Therein lies the “Return” related to ROA and the significant upside potential for organizations. But the return is predicated on adoption, and realizing widespread adoption will require dedicated effort by organizations to create the conditions for change. So what will be needed to transition to this new way of working?

Making the Transition

There are two core elements of the transition.

The first is shedding low-value tasks, which will drive productivity gains. If we use the standard definition of productivity as more output per hour, employees will produce more stuff (e.g., docs, presentations, reports, analysis). However, the concern leaders are likely to have with this is that more is not necessarily better. Focusing on the output volume doesn’t say anything about quality, which is essential to delivering real results.

The second component, working on higher-value creative and analytical work, is where organizations will realize the real value and where employees will probably face the biggest transitional challenges. They will be asking themselves (and their bosses!) what it means to be “more creative” or “more analytical,” particularly in the context of their current jobs.

Mindsets and Skill Sets

Developing new mindsets and skill sets will be critical to breaking free from old work habits. But developing new work habits requires new behaviors, and making them stick will require anchoring these new behaviors to defined processes. Additionally, AI will automate not only workflows but also a variety of decisions, necessitating the development of a new discipline: decision process improvement backed by a disciplined change process.

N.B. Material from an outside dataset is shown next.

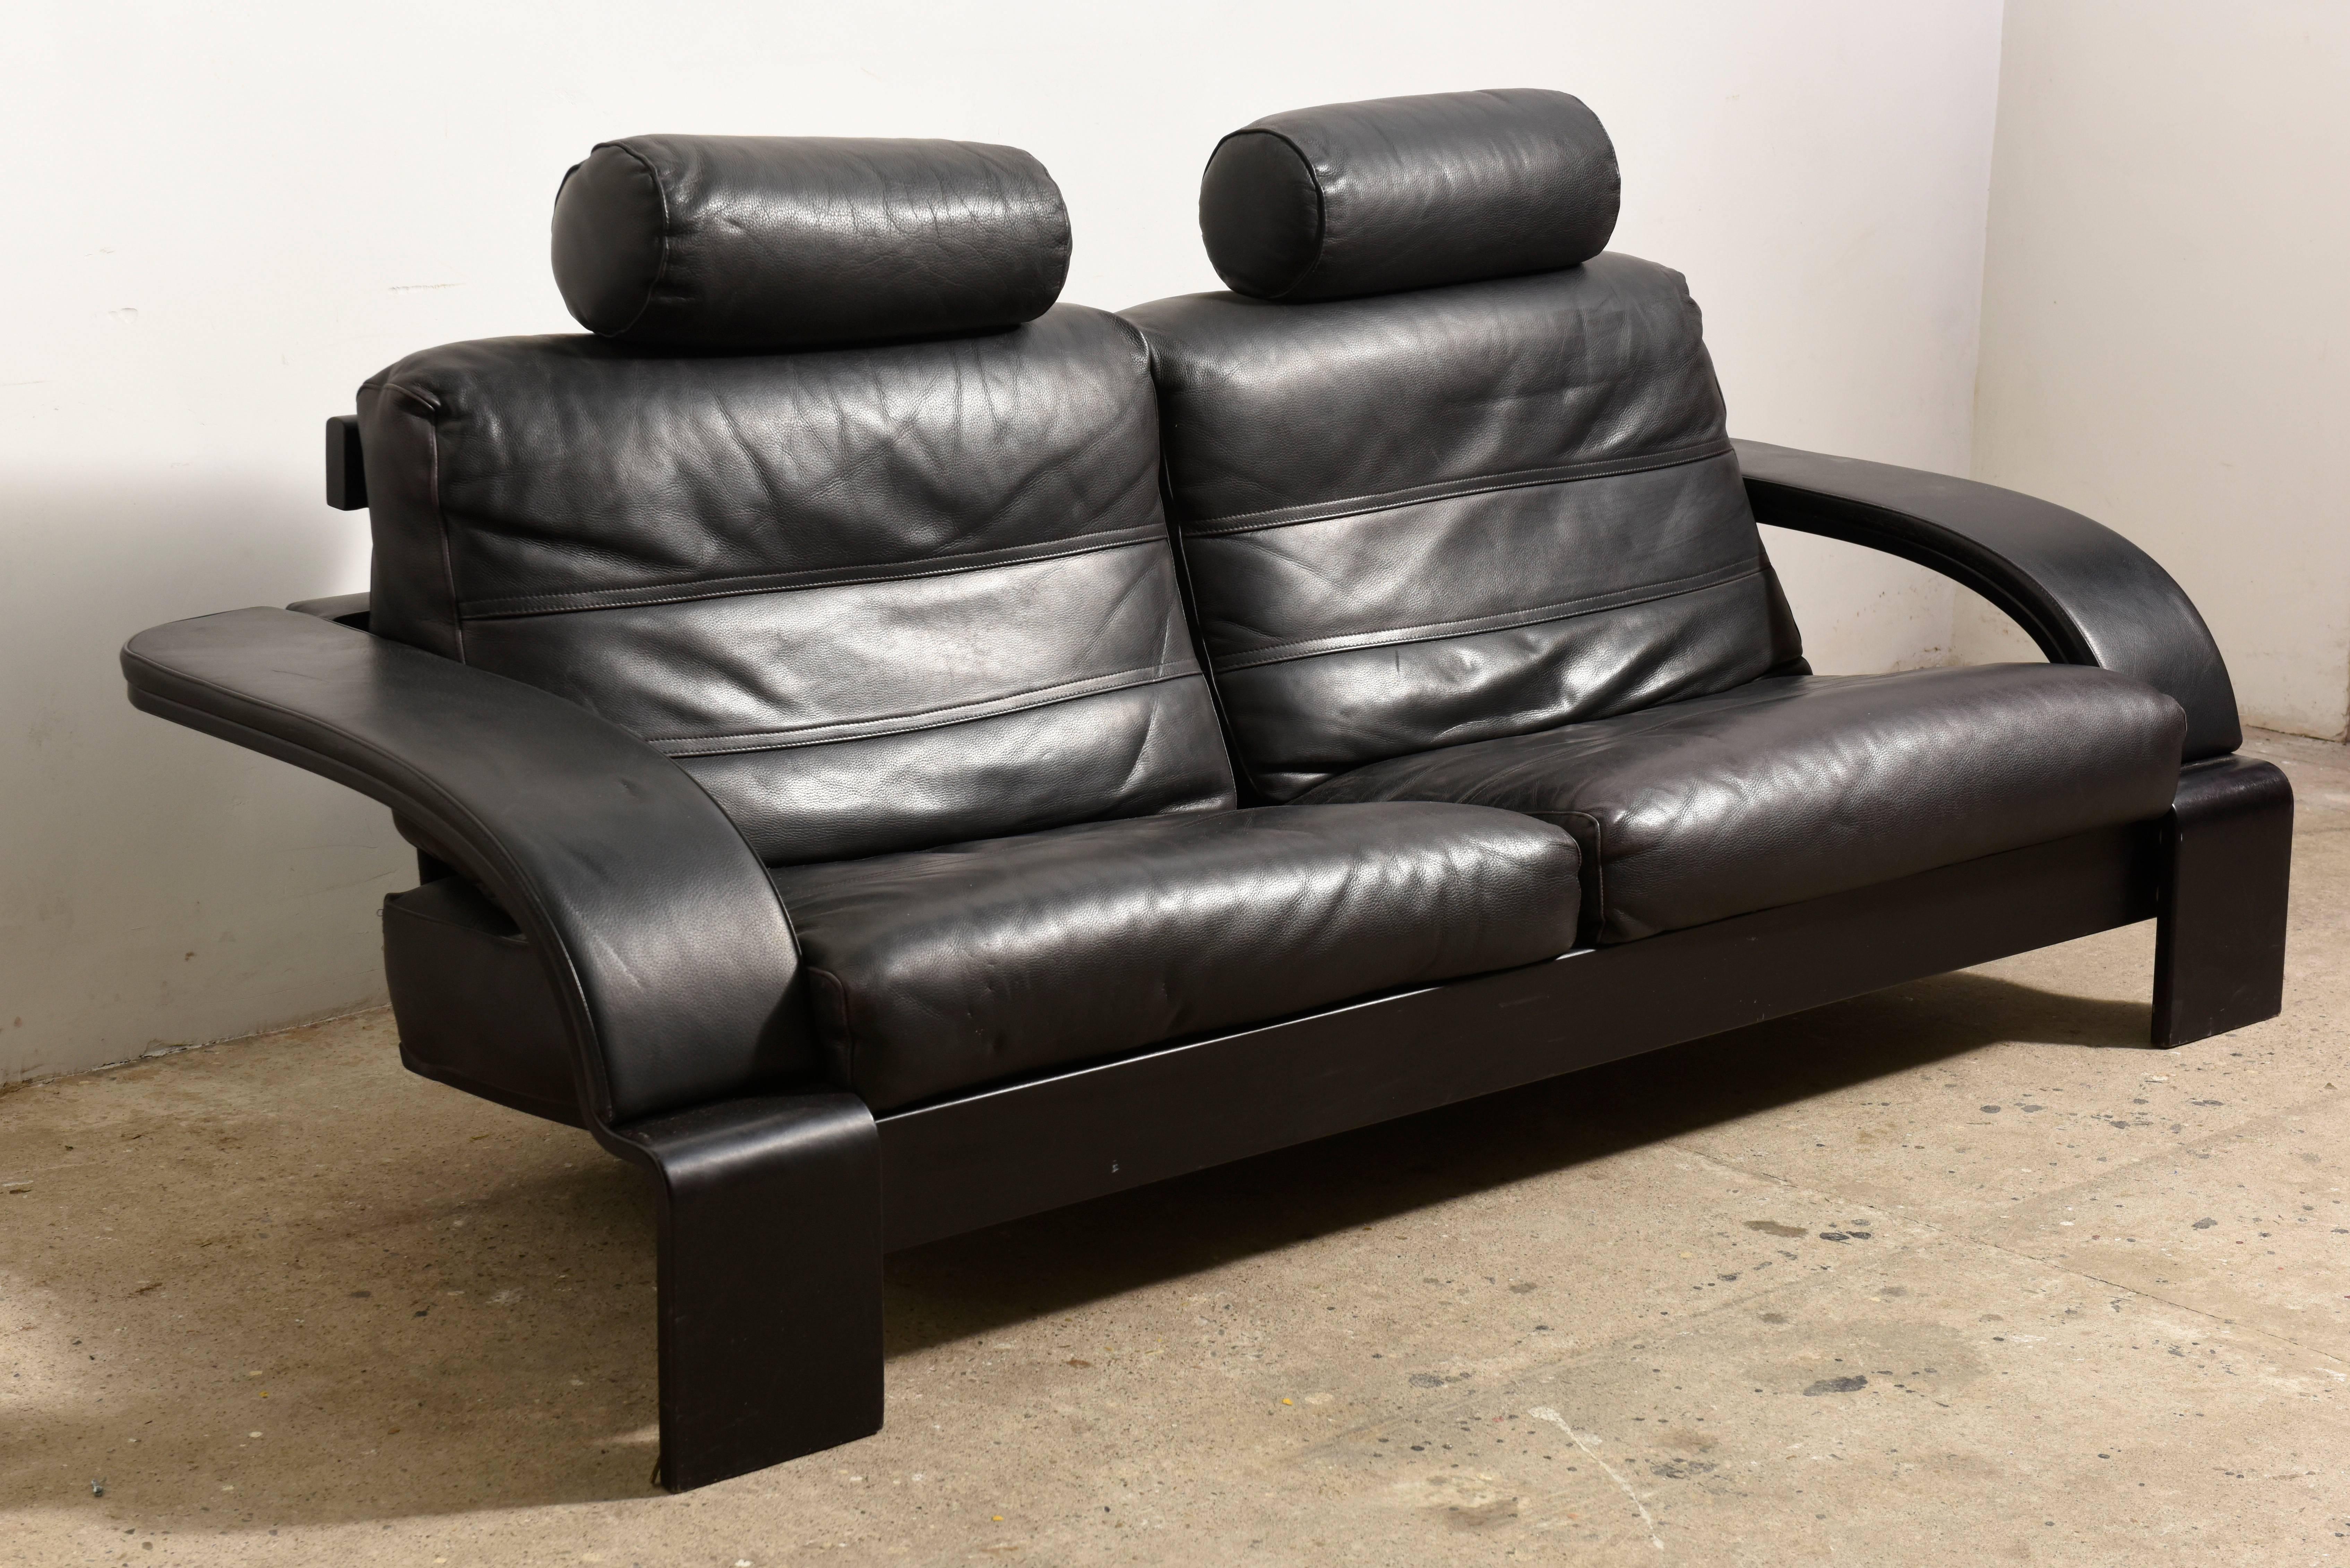 Superb Italian made vintage black leather sofa 1980s In a minimalistic and modern design, with convenient functions, made for pure comfort and flexibility.The design of the chair, the back and the armrest create an original detail in line design,
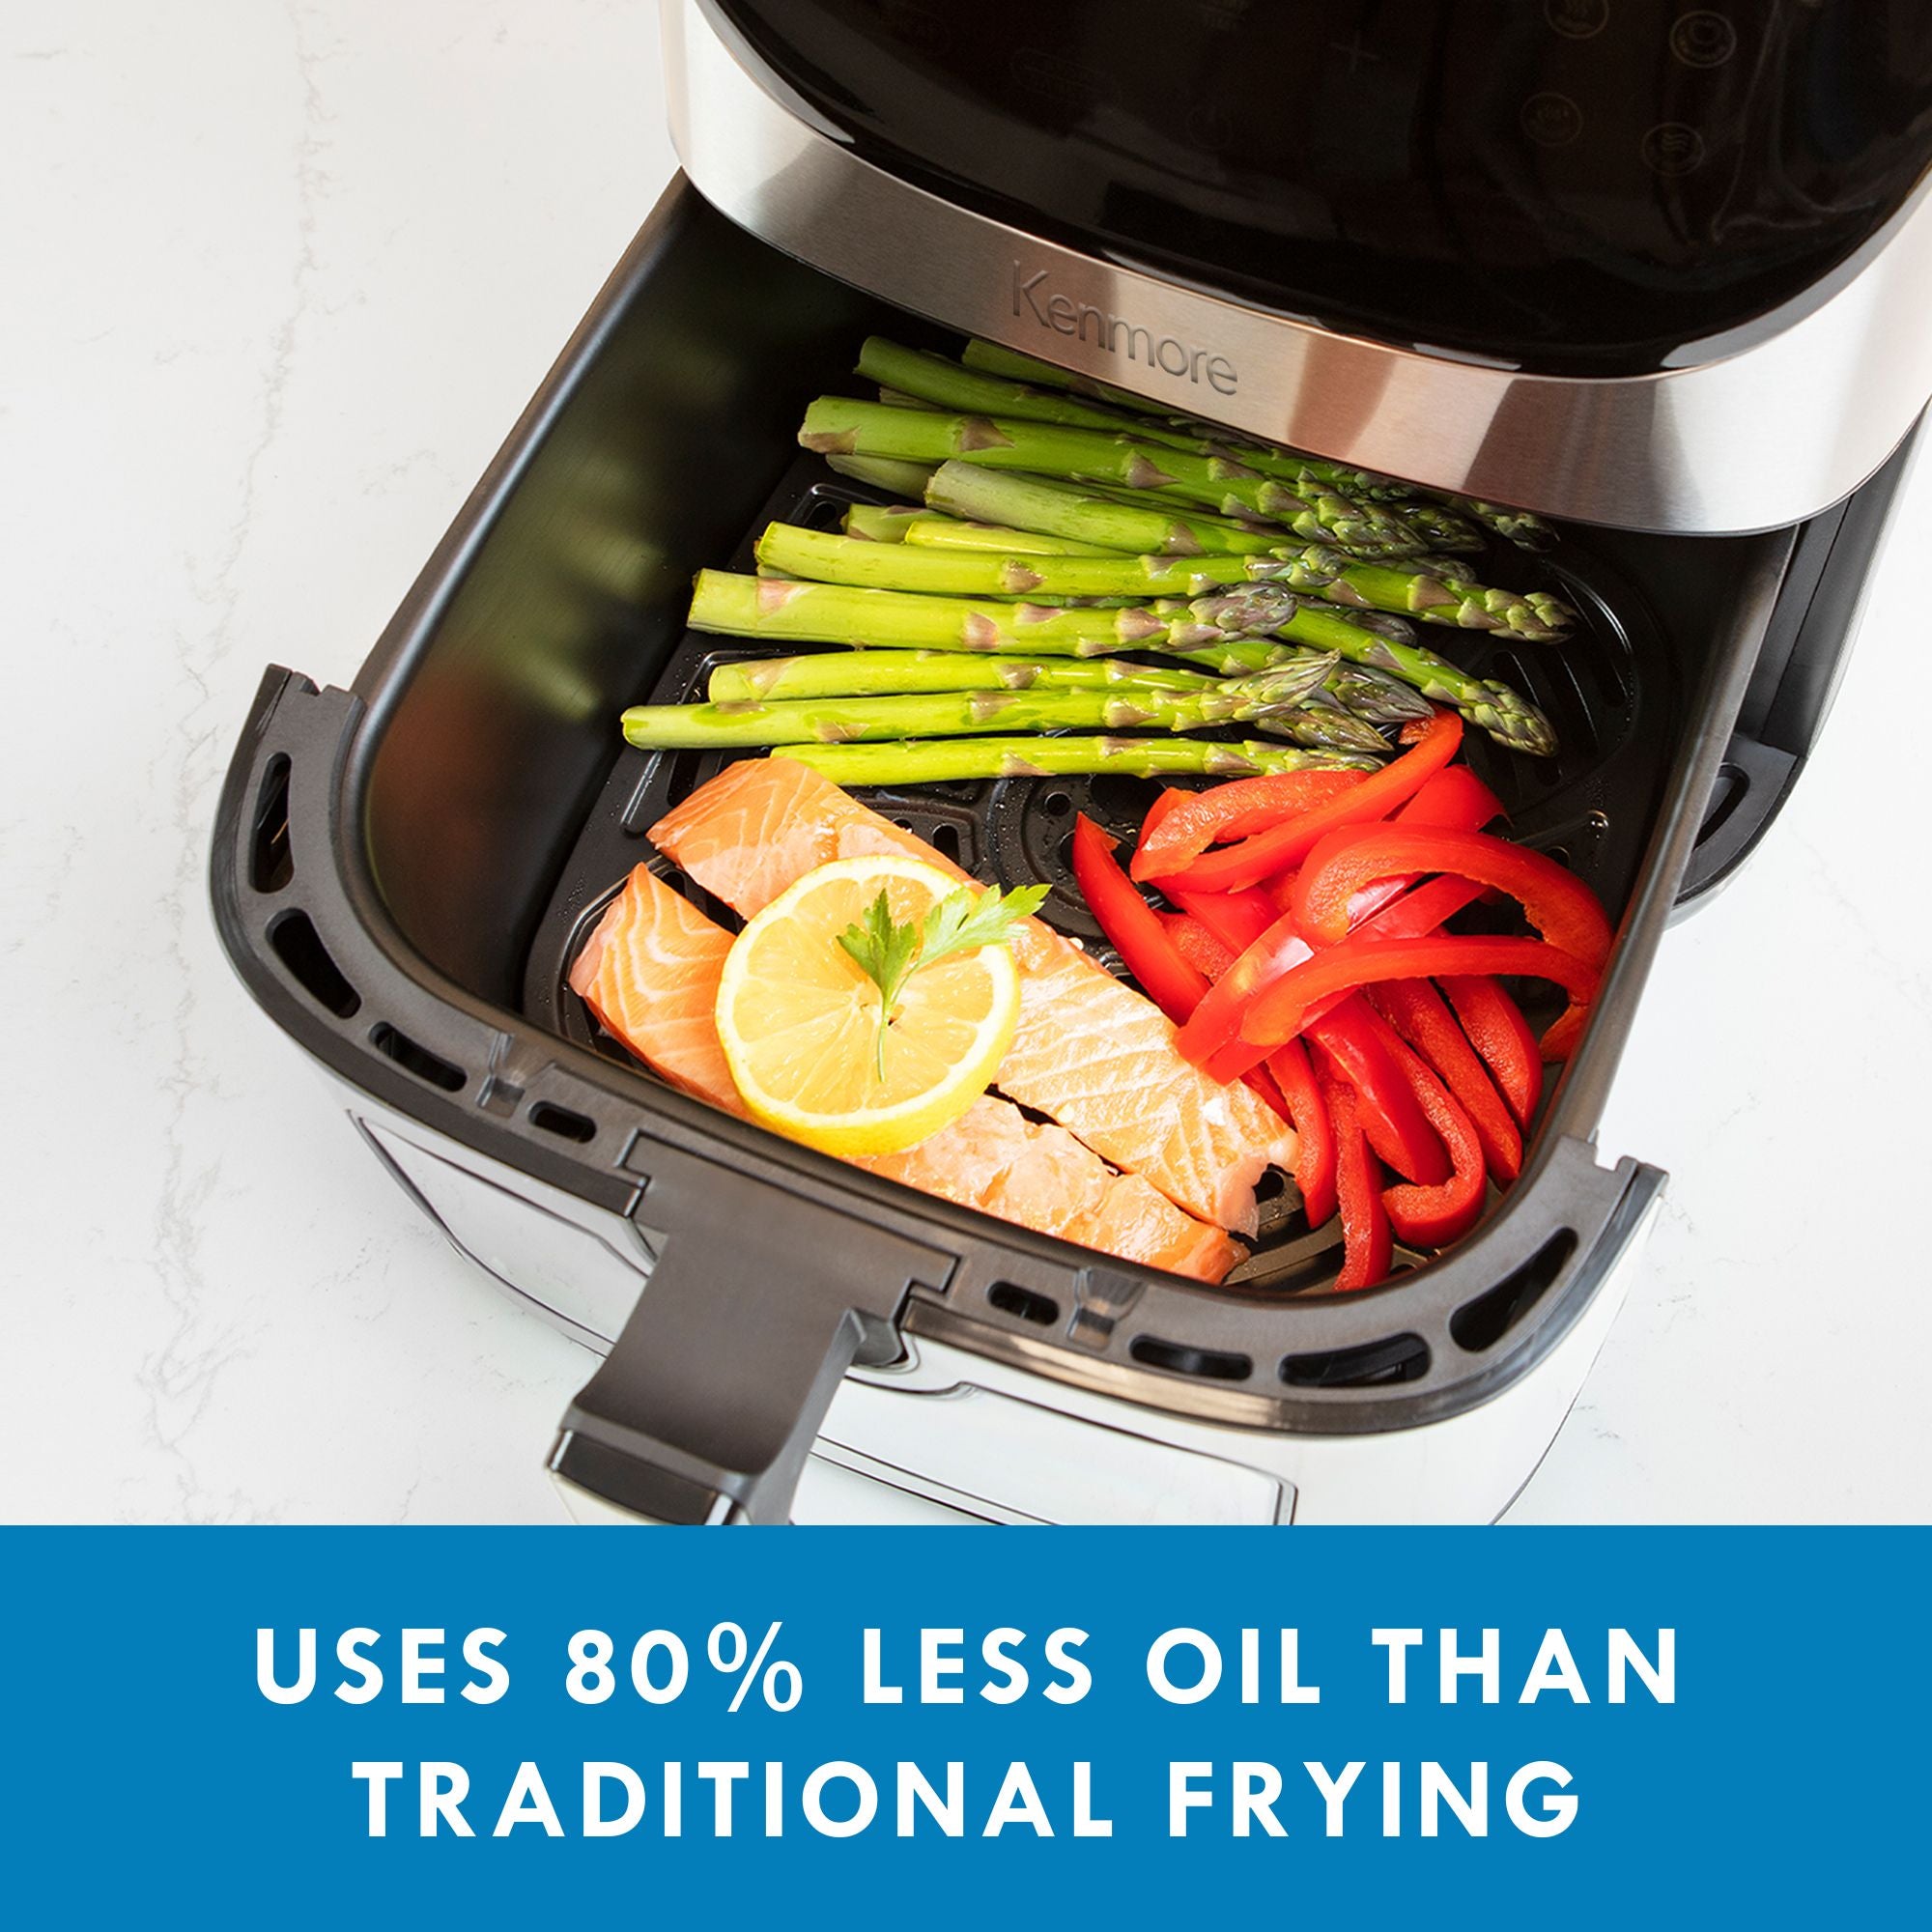 Closeup of air fryer basket containing a piece of salmon topped with a lemon slice, a bunch of asparagus spears, and sliced red peppers. Text below reads, "Uses 80% less oil than traditional frying."

So transitioning to an AI-ready organization focused on adoption will require leaders to execute across three dimensions:

1.

Focusing on decision-process improvement.

2.

Developing the right mindsets and skill sets.

3.

Using an adaptive change process that keeps stakeholders aligned and engaged.

Conclusion

Return on Adoption of AI will be fully realized when employees successfully leverage AI to improve productivity, become more creative, and develop greater analytic rigor. The latter two components will help create a culture of continuous improvement. Staff armed with the tools and the time will be better able to evaluate and improve business processes, discover new customers or markets, and create new business models. All of which will lead to growth, profitability, and market share without adding headcount. The critical first step for organizations is prioritizing AI adoption.